(Records for processing Opens)

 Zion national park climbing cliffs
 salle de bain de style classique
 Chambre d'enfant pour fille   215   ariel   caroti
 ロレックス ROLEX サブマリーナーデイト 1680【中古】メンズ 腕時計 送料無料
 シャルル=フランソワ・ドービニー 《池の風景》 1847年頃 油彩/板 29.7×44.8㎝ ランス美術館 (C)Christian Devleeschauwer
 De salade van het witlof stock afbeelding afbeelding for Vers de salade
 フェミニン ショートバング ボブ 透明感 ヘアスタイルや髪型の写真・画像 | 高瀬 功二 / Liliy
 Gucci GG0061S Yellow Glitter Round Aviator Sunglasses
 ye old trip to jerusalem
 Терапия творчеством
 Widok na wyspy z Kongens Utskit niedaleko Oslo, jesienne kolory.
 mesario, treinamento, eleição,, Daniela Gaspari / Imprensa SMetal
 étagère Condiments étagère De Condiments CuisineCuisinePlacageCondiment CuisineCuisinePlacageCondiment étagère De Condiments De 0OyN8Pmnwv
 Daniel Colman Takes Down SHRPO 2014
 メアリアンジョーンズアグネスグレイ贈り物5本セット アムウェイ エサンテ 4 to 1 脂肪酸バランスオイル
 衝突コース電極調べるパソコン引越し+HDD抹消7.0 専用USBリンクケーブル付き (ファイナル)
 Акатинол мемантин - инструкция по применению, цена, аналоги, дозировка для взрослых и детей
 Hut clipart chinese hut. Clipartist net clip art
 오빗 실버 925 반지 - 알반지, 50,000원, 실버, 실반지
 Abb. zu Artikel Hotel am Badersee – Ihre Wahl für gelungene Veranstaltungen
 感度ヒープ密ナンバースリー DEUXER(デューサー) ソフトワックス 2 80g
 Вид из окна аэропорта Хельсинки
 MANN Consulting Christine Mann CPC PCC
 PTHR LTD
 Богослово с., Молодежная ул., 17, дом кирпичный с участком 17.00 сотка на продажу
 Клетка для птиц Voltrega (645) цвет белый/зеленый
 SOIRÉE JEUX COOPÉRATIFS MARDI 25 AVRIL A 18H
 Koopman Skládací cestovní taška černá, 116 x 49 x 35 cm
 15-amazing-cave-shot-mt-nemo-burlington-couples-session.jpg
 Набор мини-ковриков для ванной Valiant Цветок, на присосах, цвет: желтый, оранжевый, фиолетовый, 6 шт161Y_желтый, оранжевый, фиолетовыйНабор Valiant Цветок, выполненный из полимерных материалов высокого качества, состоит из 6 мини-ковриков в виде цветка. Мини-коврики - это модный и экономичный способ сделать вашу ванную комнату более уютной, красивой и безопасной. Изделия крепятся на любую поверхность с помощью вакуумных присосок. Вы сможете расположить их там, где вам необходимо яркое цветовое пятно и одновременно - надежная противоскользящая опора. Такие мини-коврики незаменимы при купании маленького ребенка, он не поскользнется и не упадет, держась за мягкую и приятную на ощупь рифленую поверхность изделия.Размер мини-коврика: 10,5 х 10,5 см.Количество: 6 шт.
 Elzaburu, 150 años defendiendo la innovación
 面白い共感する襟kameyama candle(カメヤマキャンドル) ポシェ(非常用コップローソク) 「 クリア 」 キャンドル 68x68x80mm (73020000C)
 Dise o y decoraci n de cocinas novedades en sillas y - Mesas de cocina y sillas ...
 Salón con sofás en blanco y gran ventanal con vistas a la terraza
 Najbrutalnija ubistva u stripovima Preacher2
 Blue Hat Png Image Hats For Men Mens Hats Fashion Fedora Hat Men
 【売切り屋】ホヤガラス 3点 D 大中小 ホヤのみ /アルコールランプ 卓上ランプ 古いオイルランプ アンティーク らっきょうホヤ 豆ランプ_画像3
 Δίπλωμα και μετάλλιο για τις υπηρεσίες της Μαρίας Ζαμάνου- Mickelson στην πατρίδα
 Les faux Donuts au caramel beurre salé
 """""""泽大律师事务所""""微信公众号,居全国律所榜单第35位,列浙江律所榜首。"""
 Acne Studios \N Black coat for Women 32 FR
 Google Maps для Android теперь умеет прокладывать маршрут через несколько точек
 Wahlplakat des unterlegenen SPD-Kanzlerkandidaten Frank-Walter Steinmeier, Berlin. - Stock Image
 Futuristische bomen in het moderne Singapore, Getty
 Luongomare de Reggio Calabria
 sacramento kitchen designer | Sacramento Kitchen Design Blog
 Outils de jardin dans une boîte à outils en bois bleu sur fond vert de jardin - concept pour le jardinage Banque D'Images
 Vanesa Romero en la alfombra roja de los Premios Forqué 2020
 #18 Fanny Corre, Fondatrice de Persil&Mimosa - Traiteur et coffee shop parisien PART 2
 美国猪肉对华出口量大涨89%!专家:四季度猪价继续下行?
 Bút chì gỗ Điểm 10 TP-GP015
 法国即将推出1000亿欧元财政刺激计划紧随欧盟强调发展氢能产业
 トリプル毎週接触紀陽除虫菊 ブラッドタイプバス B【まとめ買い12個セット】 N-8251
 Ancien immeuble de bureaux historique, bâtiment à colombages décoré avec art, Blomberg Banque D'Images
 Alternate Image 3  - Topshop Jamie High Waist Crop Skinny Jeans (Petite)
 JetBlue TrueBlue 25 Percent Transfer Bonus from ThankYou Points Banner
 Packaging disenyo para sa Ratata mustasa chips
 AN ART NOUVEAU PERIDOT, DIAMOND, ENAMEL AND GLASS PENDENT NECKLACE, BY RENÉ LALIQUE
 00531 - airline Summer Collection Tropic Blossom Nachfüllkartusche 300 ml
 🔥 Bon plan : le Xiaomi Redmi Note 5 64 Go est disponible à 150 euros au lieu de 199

(Records for processing Closes)

### What the exercise asks:
Only the lines above, from the first through the one holding "Вид из окна аэропорта Хельсинки", are to be output, and they must be copied exactly.

### Expected output:
 Zion national park climbing cliffs
 salle de bain de style classique
 Chambre d'enfant pour fille   215   ariel   caroti
 ロレックス ROLEX サブマリーナーデイト 1680【中古】メンズ 腕時計 送料無料
 シャルル=フランソワ・ドービニー 《池の風景》 1847年頃 油彩/板 29.7×44.8㎝ ランス美術館 (C)Christian Devleeschauwer
 De salade van het witlof stock afbeelding afbeelding for Vers de salade
 フェミニン ショートバング ボブ 透明感 ヘアスタイルや髪型の写真・画像 | 高瀬 功二 / Liliy
 Gucci GG0061S Yellow Glitter Round Aviator Sunglasses
 ye old trip to jerusalem
 Терапия творчеством
 Widok na wyspy z Kongens Utskit niedaleko Oslo, jesienne kolory.
 mesario, treinamento, eleição,, Daniela Gaspari / Imprensa SMetal
 étagère Condiments étagère De Condiments CuisineCuisinePlacageCondiment CuisineCuisinePlacageCondiment étagère De Condiments De 0OyN8Pmnwv
 Daniel Colman Takes Down SHRPO 2014
 メアリアンジョーンズアグネスグレイ贈り物5本セット アムウェイ エサンテ 4 to 1 脂肪酸バランスオイル
 衝突コース電極調べるパソコン引越し+HDD抹消7.0 専用USBリンクケーブル付き (ファイナル)
 Акатинол мемантин - инструкция по применению, цена, аналоги, дозировка для взрослых и детей
 Hut clipart chinese hut. Clipartist net clip art
 오빗 실버 925 반지 - 알반지, 50,000원, 실버, 실반지
 Abb. zu Artikel Hotel am Badersee – Ihre Wahl für gelungene Veranstaltungen
 感度ヒープ密ナンバースリー DEUXER(デューサー) ソフトワックス 2 80g
 Вид из окна аэропорта Хельсинки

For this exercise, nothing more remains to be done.